Numerical solution of many-body wave scattering problem and creating materials with a desired refraction coefficient

TL;DR

This paper develops an asymptotic and numerical approach to solve many-body wave scattering problems involving small particles, enabling the creation of materials with tailored refraction properties, supported by numerical results for up to one million particles.

Contribution

It introduces a novel asymptotic and numerical method for solving many-body wave scattering problems with small particles, facilitating material design with specific refraction coefficients.

Findings

Numerical solutions for up to 10^6 particles demonstrate scalability.

The method accurately predicts effective refraction coefficients.

The approach enables designing materials with desired wave propagation properties.

Abstract

Scalar wave scattering by many small particles with impedance boundary condition and creating material with a desired refraction coefficient are studied.

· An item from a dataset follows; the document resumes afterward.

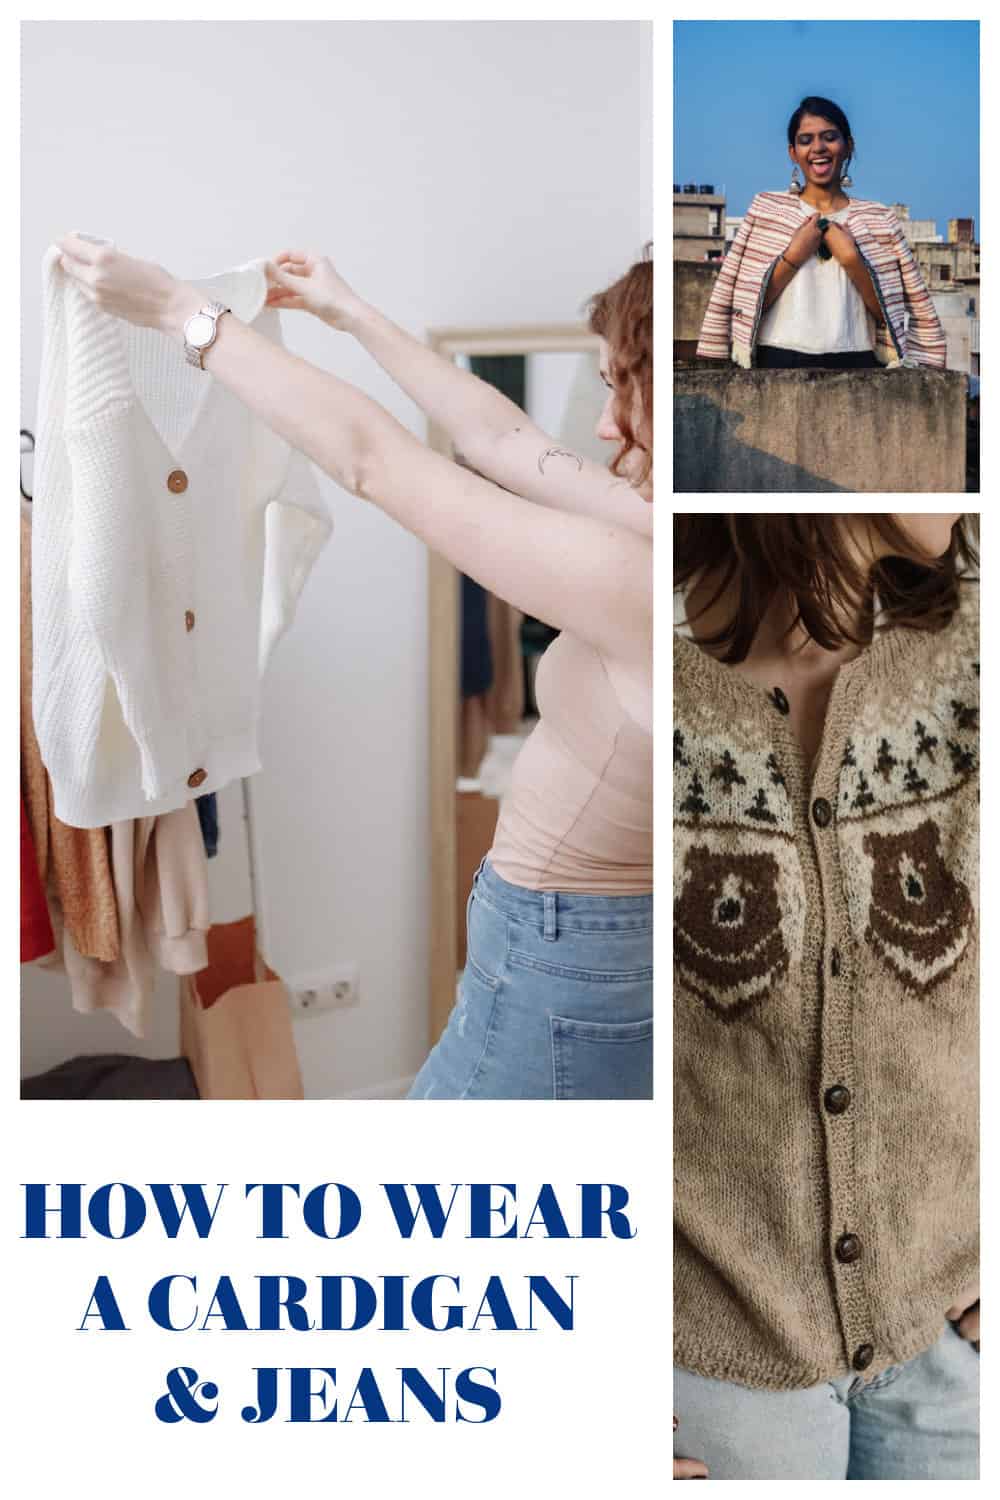 Do you know how to wear a cardigan with jeans? Learn how to wear jeans and a cardigan with these simple style tips.
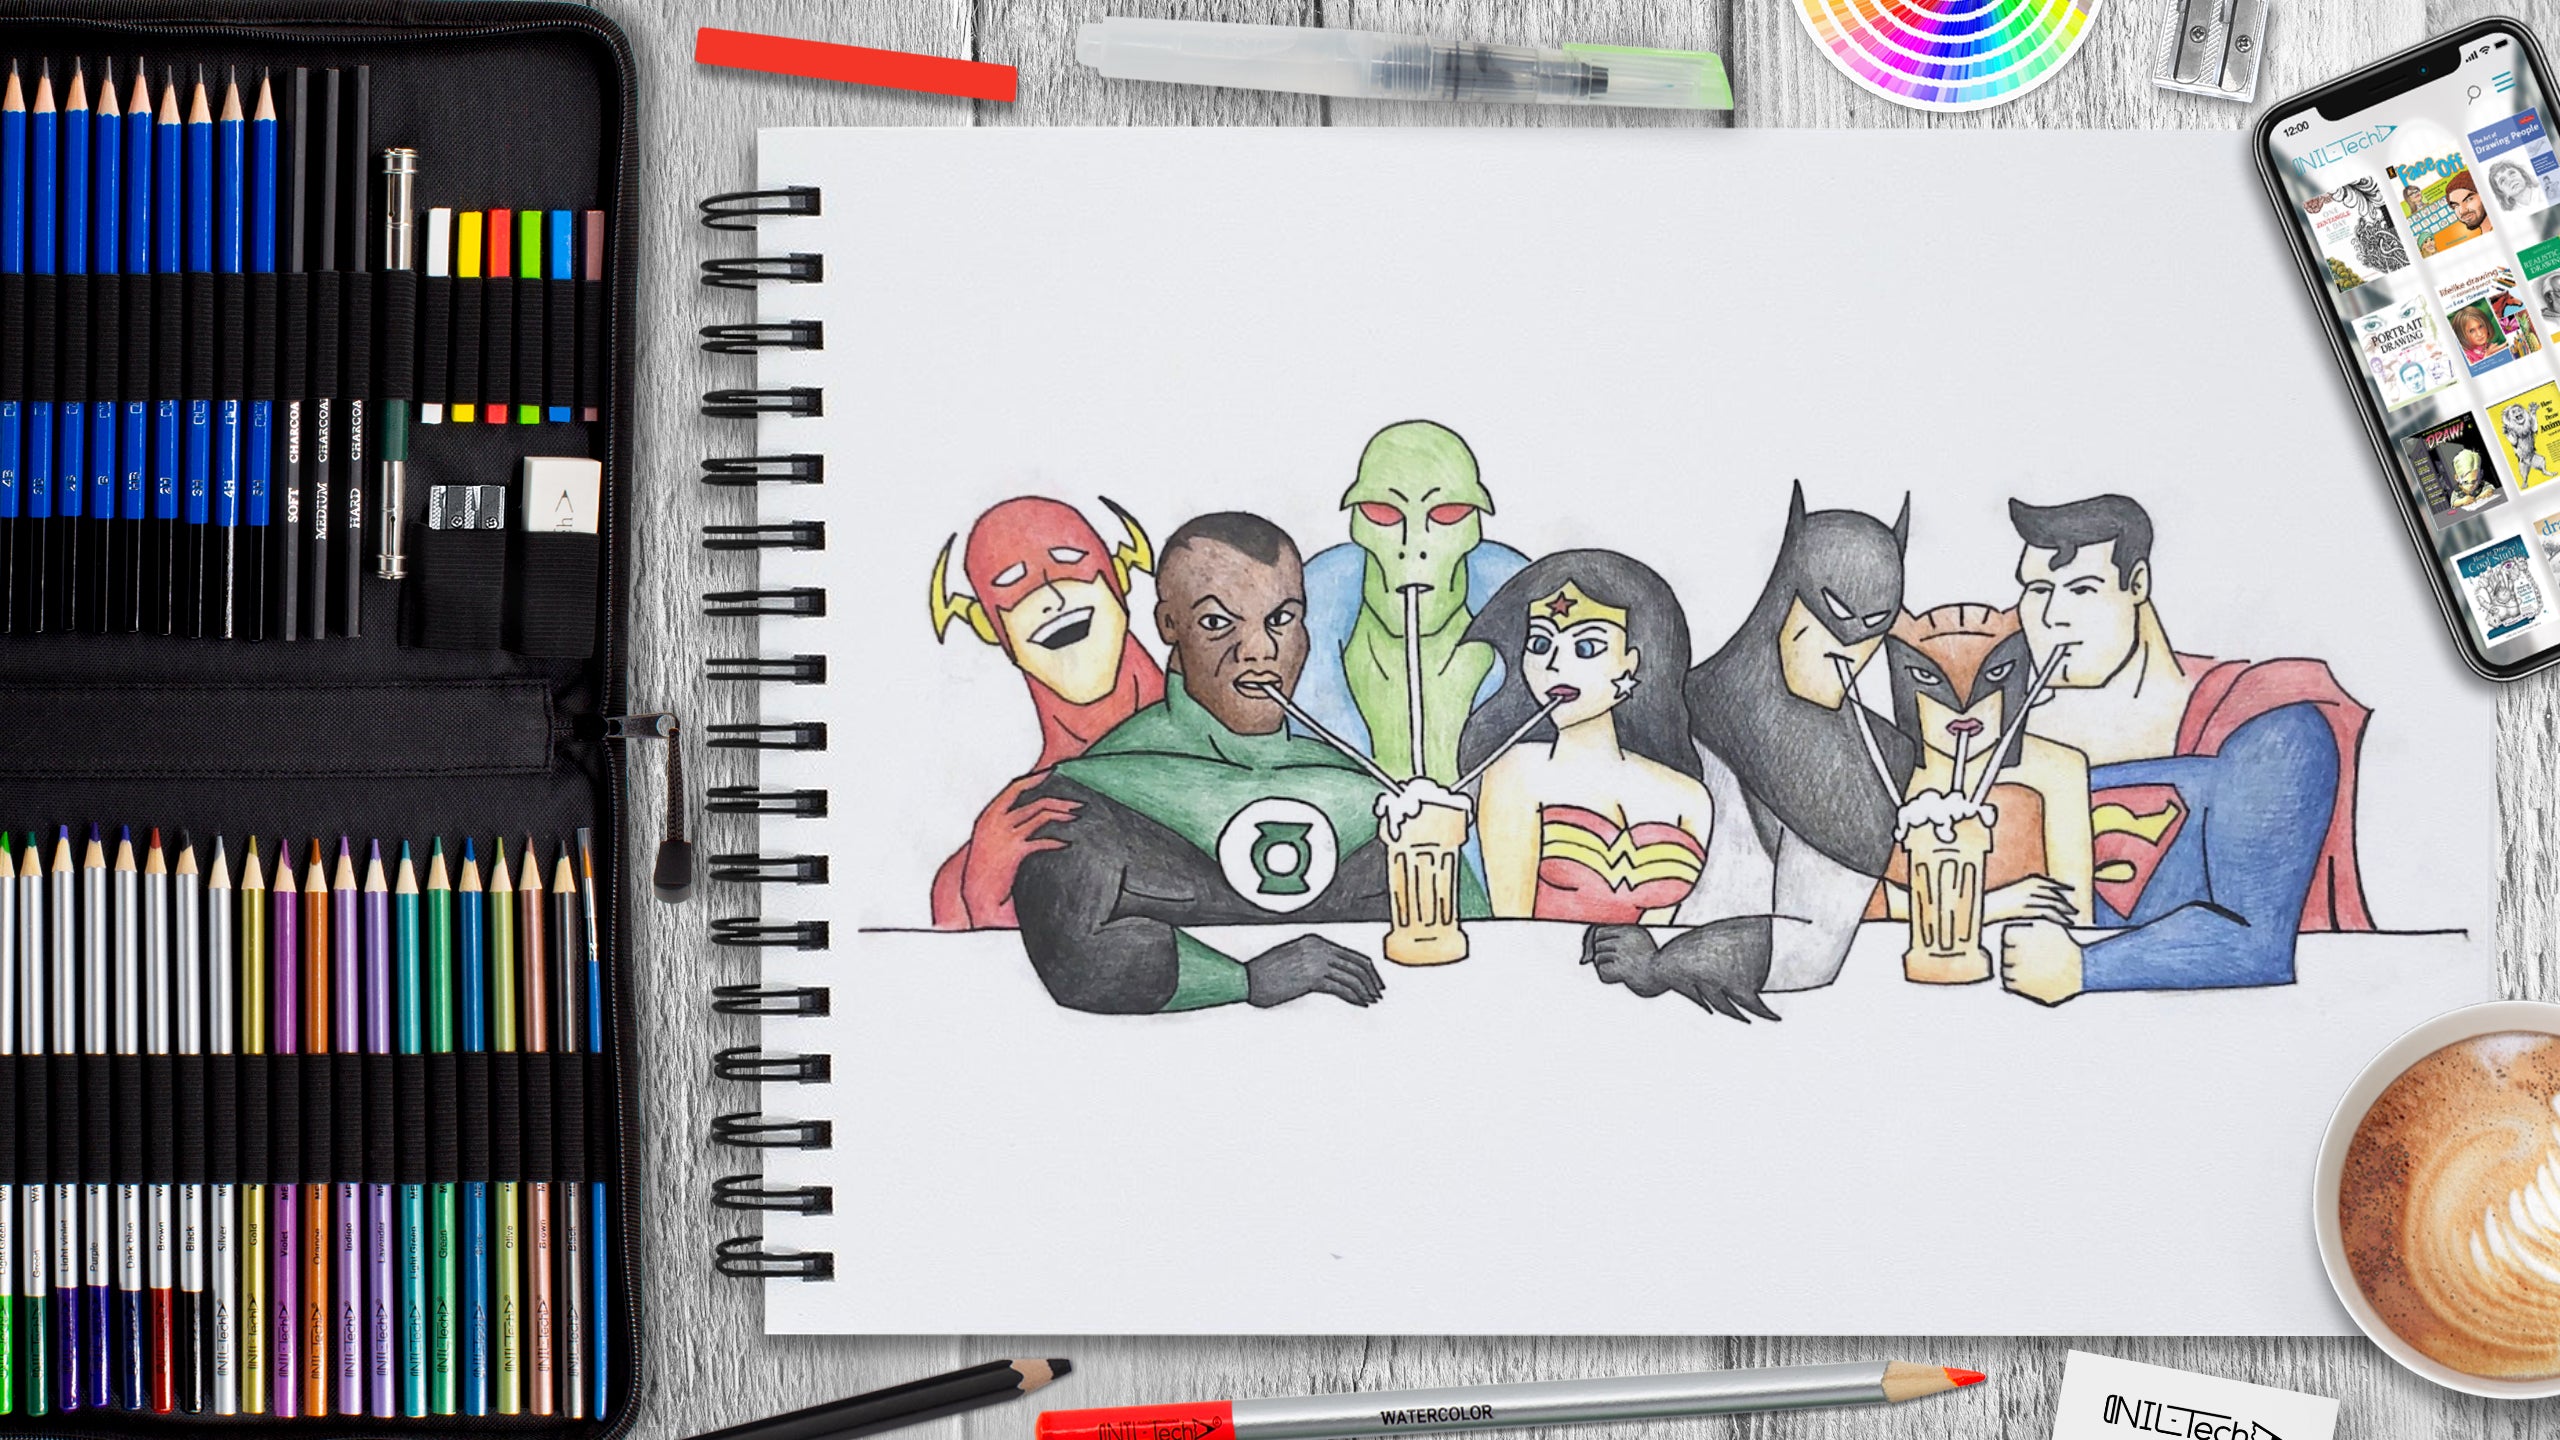 Justice league drawing - justice league cartoon - YouTube

The acoustic wave scattering problem is solved asymptotically and numerically under the assumptions $ka \ll 1, \zeta_m = \frac{h(x_m)}{a^\kappa}, d = O(a^{\frac{2-\kappa}{3}}), M = O(\frac{1}{a^{2-\kappa}}), \kappa \in [0,1)$, where $k = 2\pi/\lambda$ is the wave number, $\lambda$ is the wave length, $a$ is the radius of the particles, $d$ is the distance between neighboring particles, $M$ is the total number of the particles embedded in a bounded domain $\Omega \subset \RRR$, $\zeta_m$ is the boundary impedance of the m\textsuperscript{th} particle $D_m$, $h \in C(D)$, $D := \bigcup_{m=1}^M D_m$, is a given arbitrary function which satisfies Im$h \le 0$, $x_m \in \Omega$ is the position of the m\textsuperscript{th} particle, and $1 \leq m \leq M$. Numerical results are presented for which the number of particles equals $10^4, 10^5$, and $10^6$.